Festina is a Spanish watch conglomerate. In 1985, businessman Miguel Rodríguez acquired Festina, a brand founded in Switzerland in 1902, thus forming the Festina-Lotus Group.

==History==

Festina was created in 1902 by the Stüdi family in the city of La Chaux-de-Fonds, in Switzerland. In 1935, the founding family sold the brand to businessman, Willy Burkhard von Wilhelm. During World War II, the business was relocated to Barcelona, Spain.

In 1975, Georges Uhlmann, an entrepreneur who had a significant presence in the Spanish and Italian markets, acquired the firm. In 1984, the Spanish businessman Miguel Rodríguez, from La Linea de la Concepción (Cadiz), acquired the Festina brand and all its rights.

The Festina name is derived from the Latin "Festina lente" which means: "Make haste, slowly", a phrase that, according to Roman historian, Suetonius, is attributed to Augustus Caesar, known for his prudence: "Walk slowly if you want to arrive at a well-done job sooner".

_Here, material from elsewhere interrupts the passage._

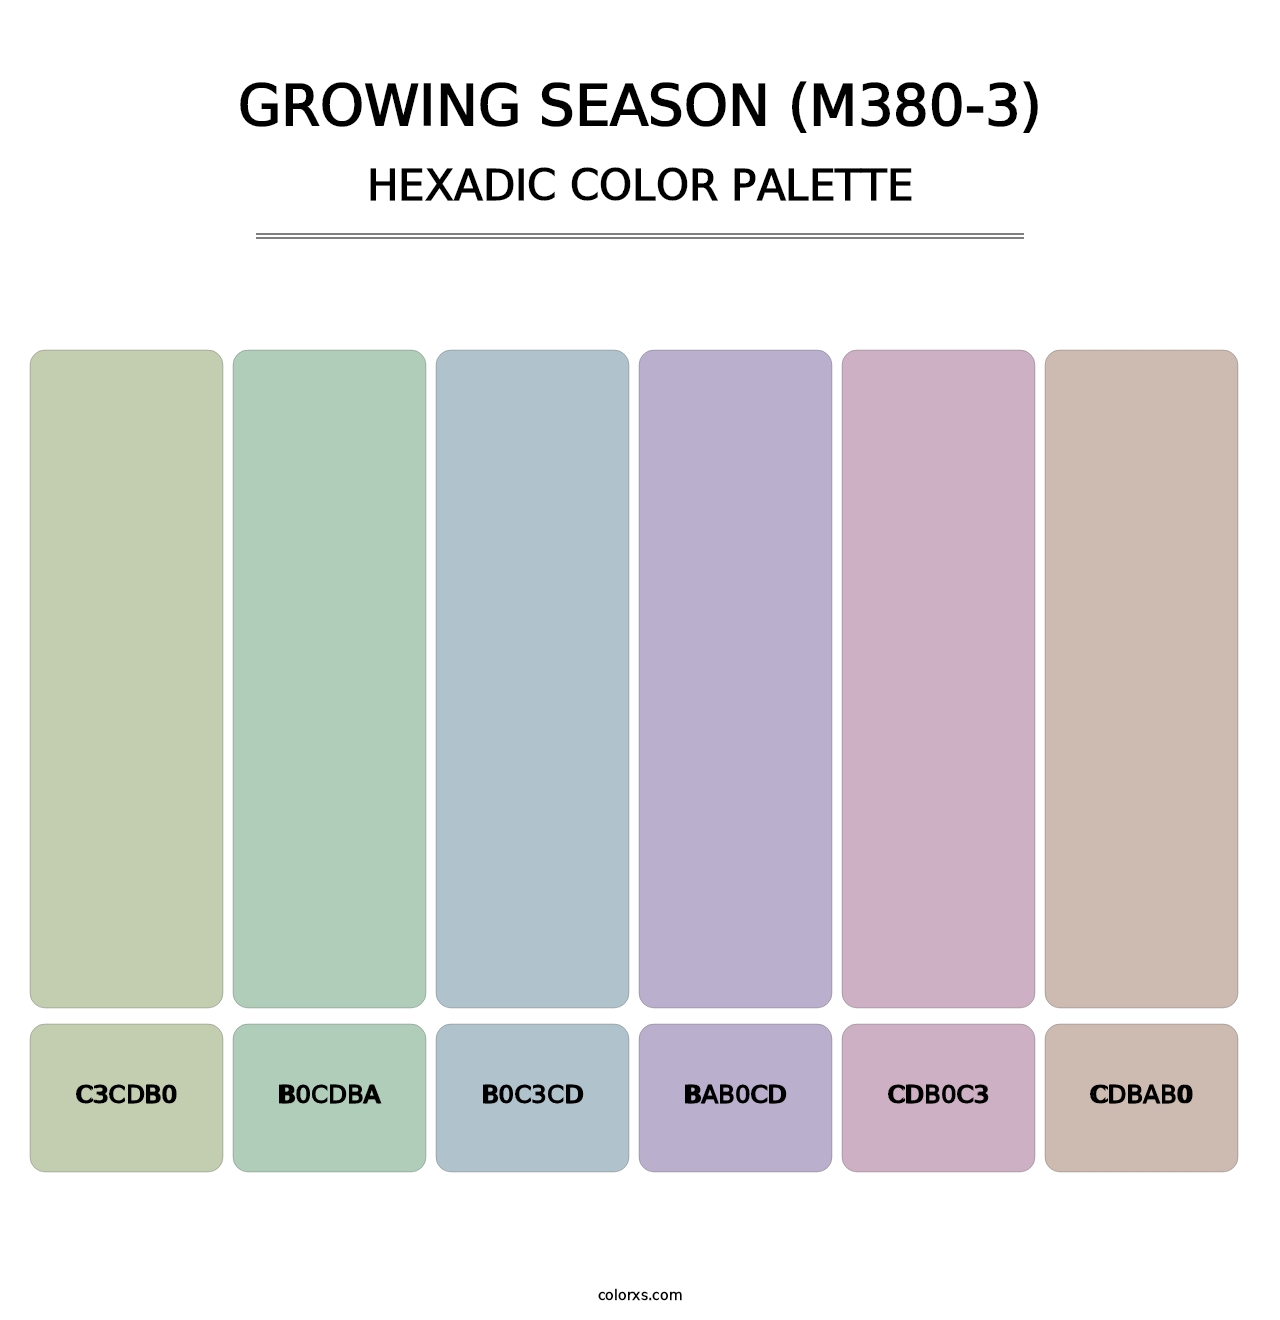 Growing Season (M380-3) - Hexadic Color Palette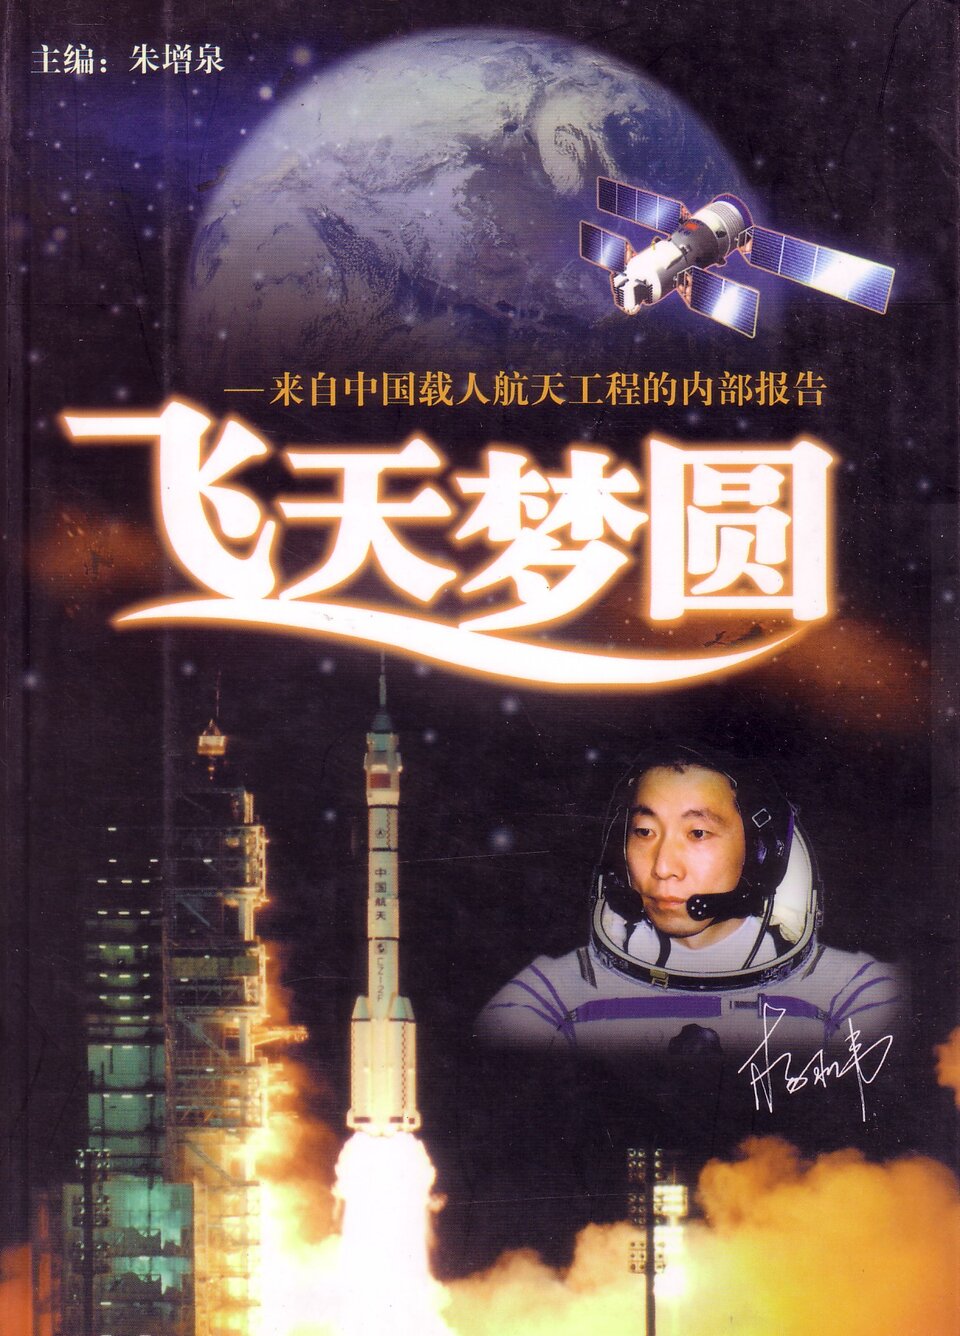 Yang Liwei, die de eerste bemande Shenzhou-missie uitvoerde in 2003

The Festina Group brands Jaguar, Candino and Perrelet are Swiss made. In 2002, Festina acquired the Swiss watch brand Candino.In 2004, Festina acquired the luxury watch brand, Perrelet, founded in 1777 by the prestigious watchmaker Abraham-Louis Perrelet.

==Marketing==
From 1992 to 2016, Festina was the official timekeeper of the Tour de France, becoming closely linked to the world of cycling as a sponsor / timekeeper of the most important events of the cycling agenda (Tour of Spain, Tour of Britain, etc.).

Festina sponsored the German football club TSV 1860 Munich between 2005 and 2006.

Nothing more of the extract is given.